Our Theories of Theories of Change: The Social Construction of Transformation, by Peter Jones

 
Theories of change are developed using a visual formalism of a logic model, representing a proposed template for action toward outcomes. The endorsement of a given ToC is sustained by persistent reference to it within organizational discourse, in a shared language between an organization and its sponsors or stakeholders, and through the presumption of individual updates to mental models. In this way the theory of change becomes a socially constructed artifact. [...]

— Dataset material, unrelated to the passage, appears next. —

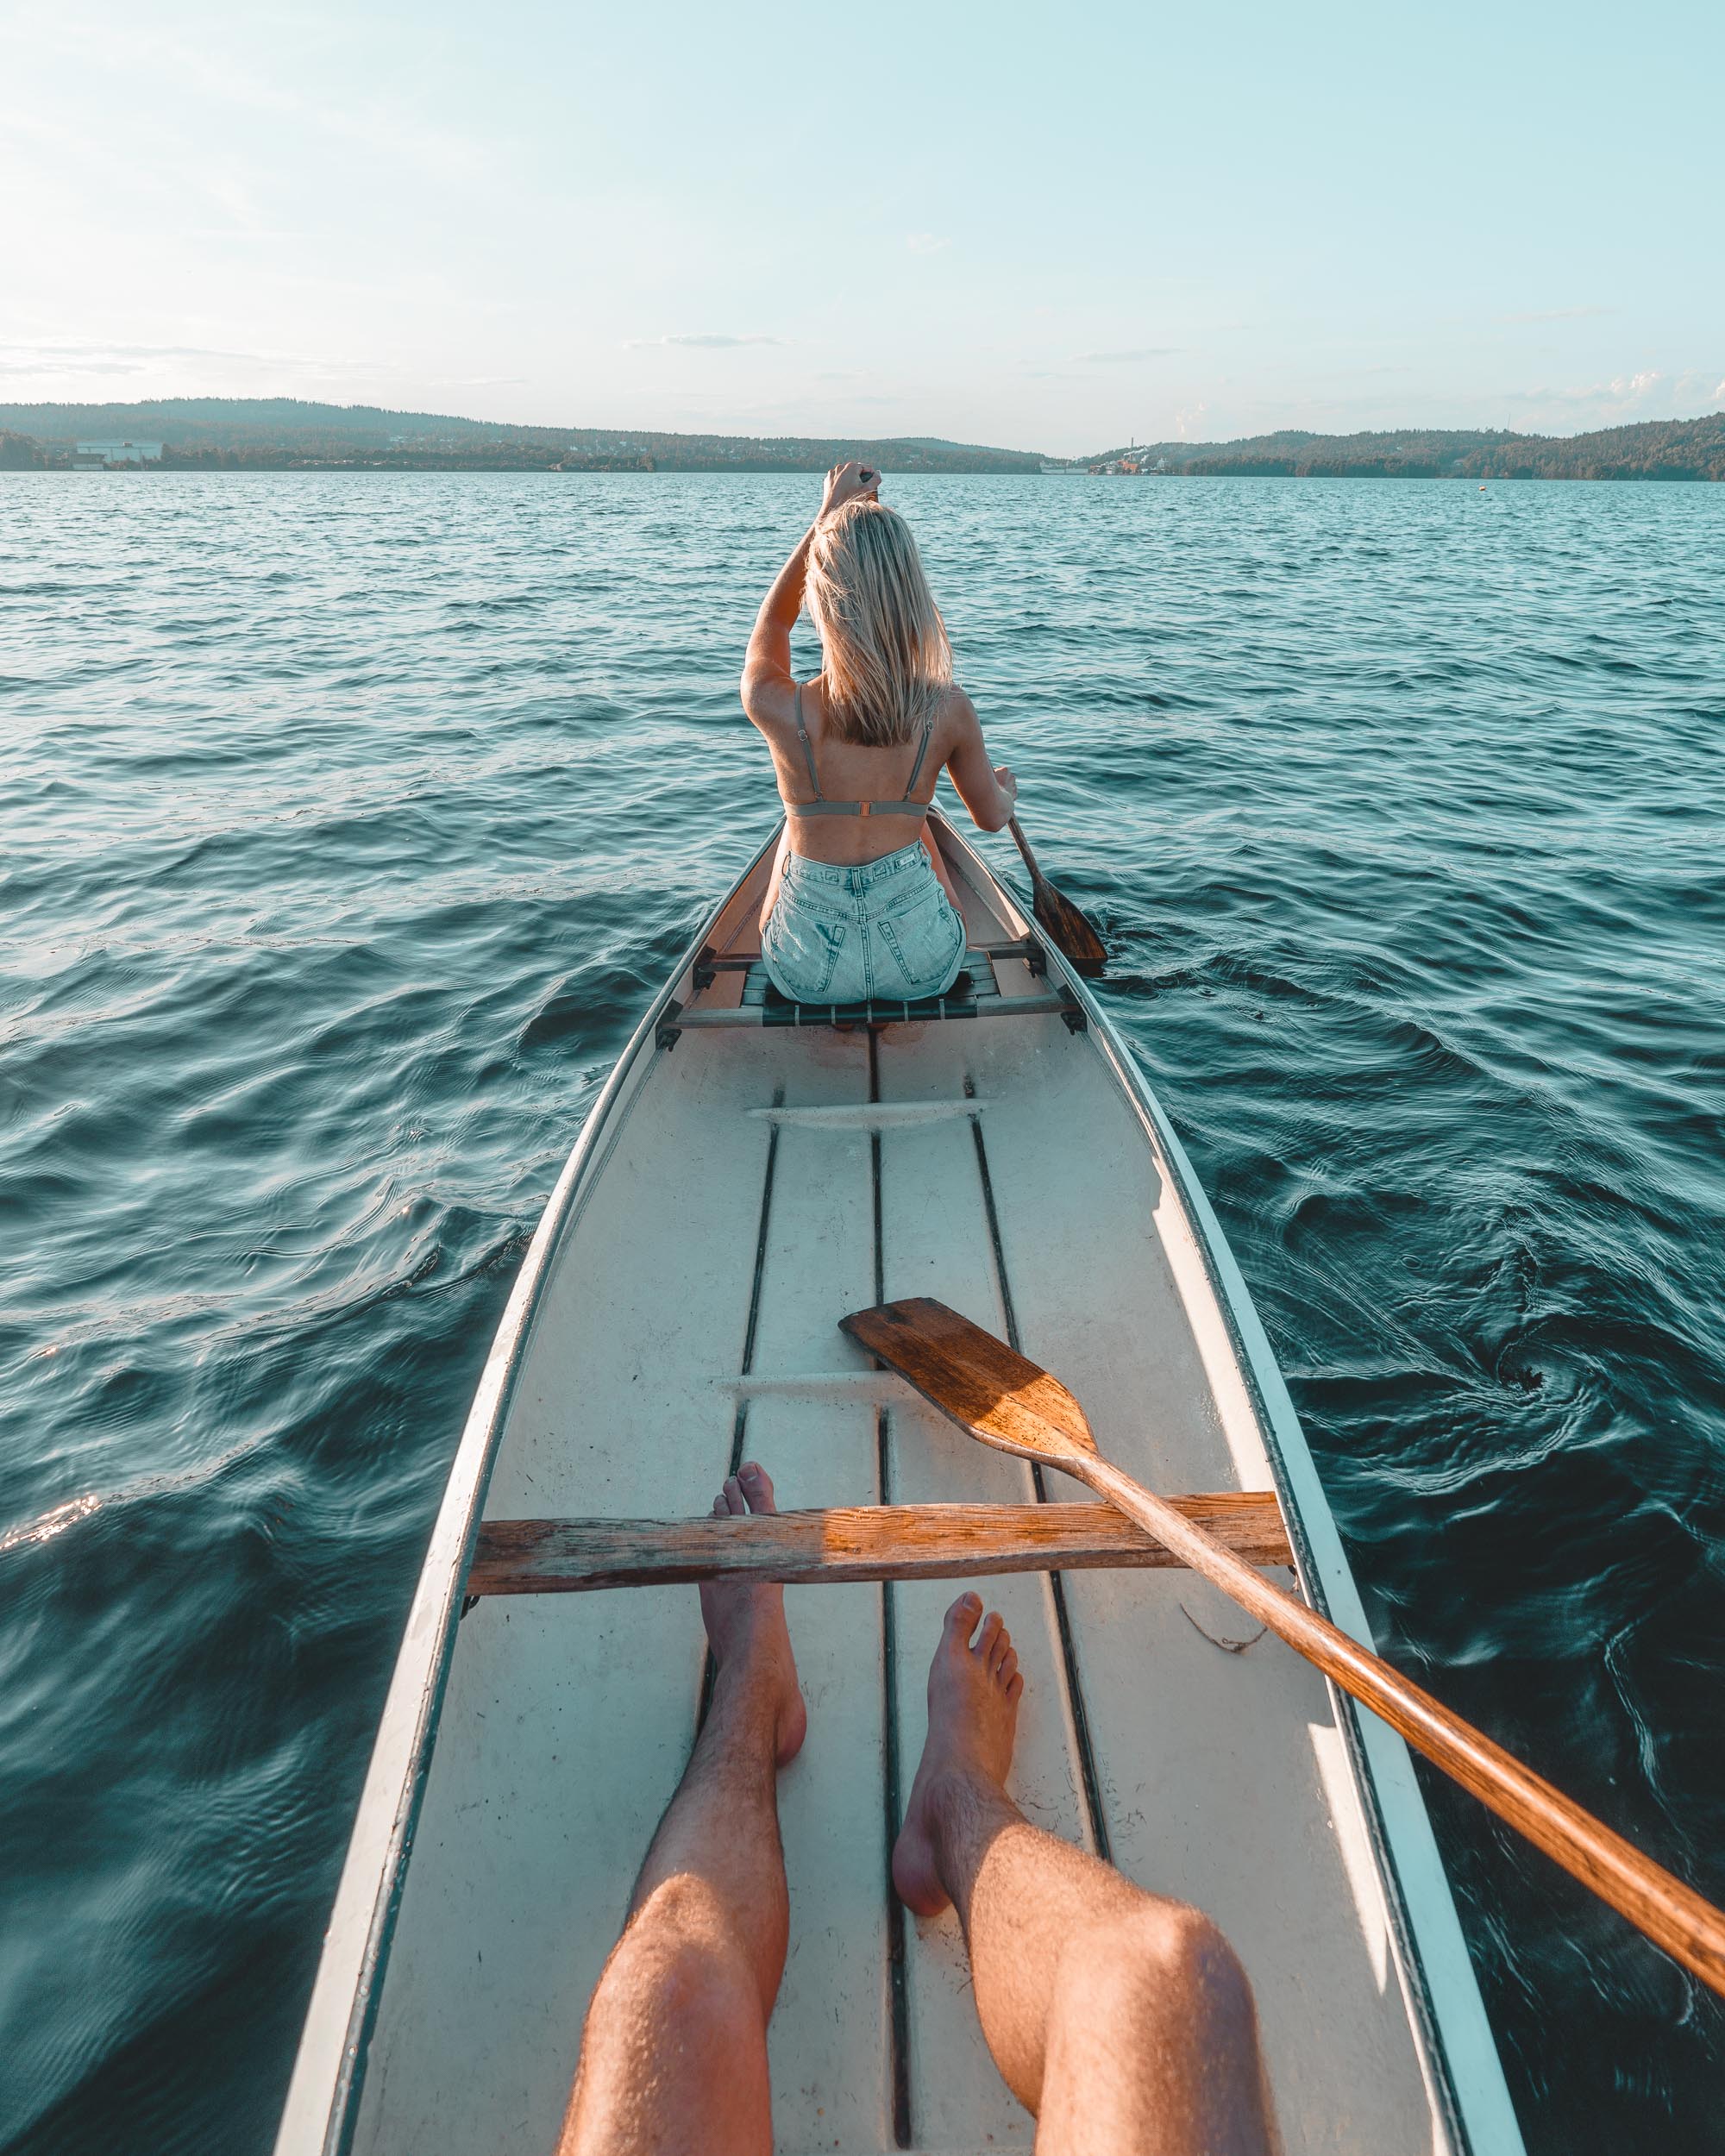 Canoeing at Baldersnas lake in Dalsland, West Sweden via @finduslost

The users of ToCs have expanded from funding agencies (many of whom are known for requiring a logic model of change with applications) to impact investing, normative social research, government policymakers. The provision of a working theory and logic model was presumed to represent an empirical and measurable basis, encoded in causal logic, to define how a program’s implementation would develop or result in preferred definite outcomes. However useful these models might be for the organizations involved, the pragmatic effectiveness and the theoretical support for such models is open to question. [...]

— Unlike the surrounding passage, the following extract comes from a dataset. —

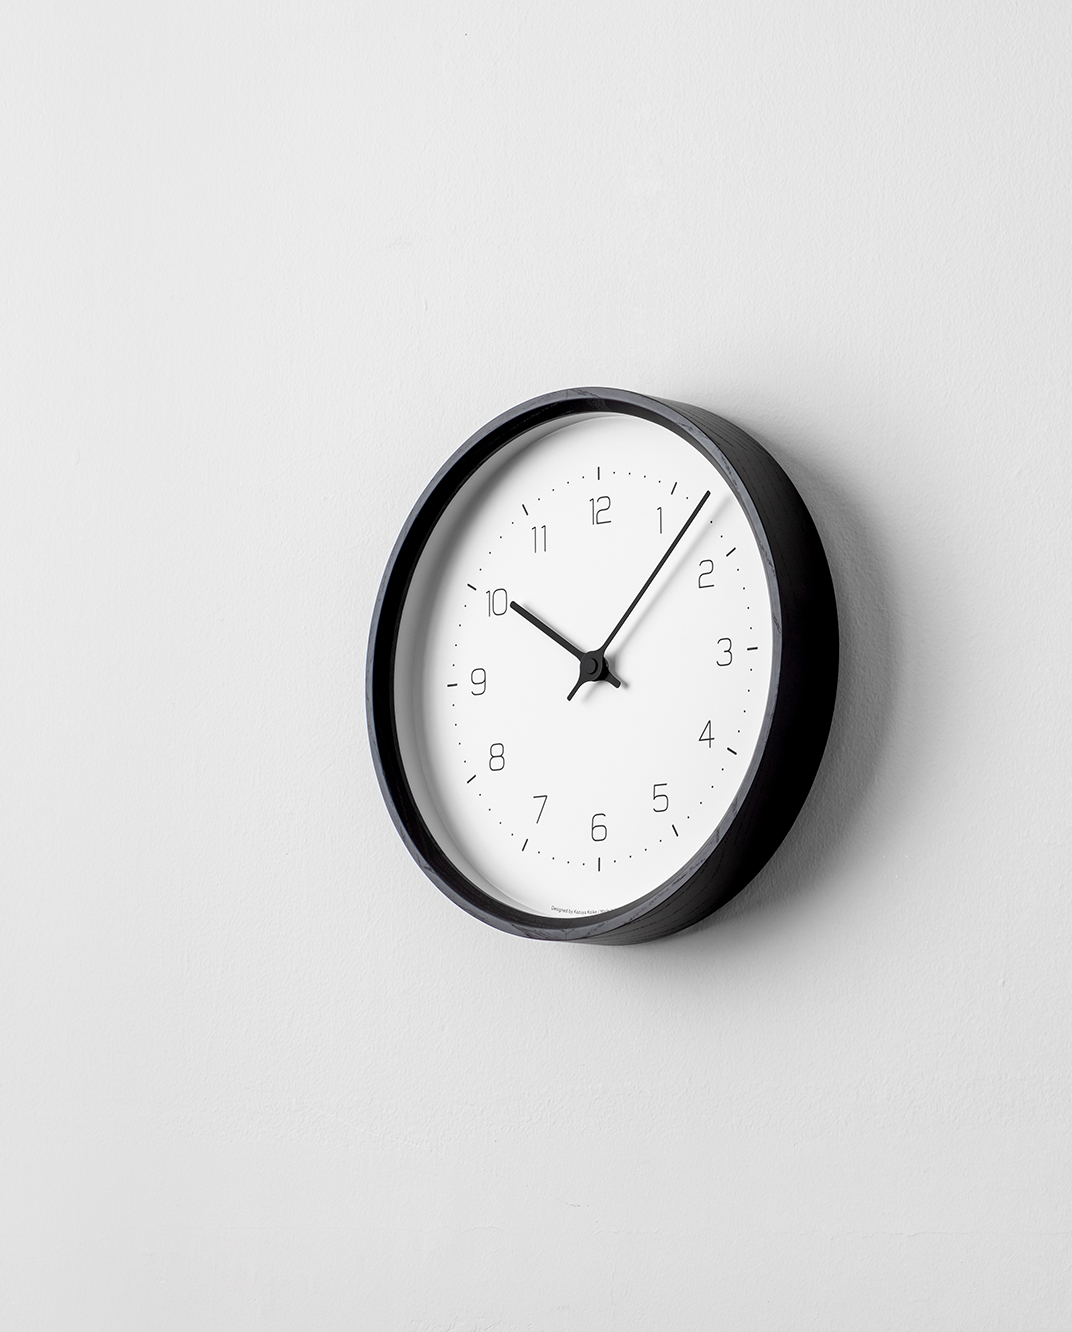 NEUT wall clock | Doogdesign. Inc. | Kazuya Koike / プロダクトデザイン事務所 大阪

In social innovation studies, Paul Brest (2010) discusses both their value to philanthropy, and their issues, and the responses from “skeptics and agnostics.” Agnostics in particular raise the questions to which systemic designers should be attending:

“They believe that it is difficult to create a meaningful theory of change because social problems are complex and ever changing. Rather than spending time and money trying to craft or assess theories of change, agnostics think it is more productive for funders and grantees to focus instead on building great organizations.”

We might consider this outlook representative of any change model however. There are tensions between direct action (that benefits from relationship and learning) and designed interventions (that benefit from analysis of leverage anticipated to effect long-term impacts).

Typically, systems approaches value and build upon systemic reasoning from careful observations, such as leverage analysis of complex systems to determine the most productive investment of efforts or programmatic support. Complexity approaches favor more short learning interventions, coordinated iterations, and experiments to deploy proposals as learning probes.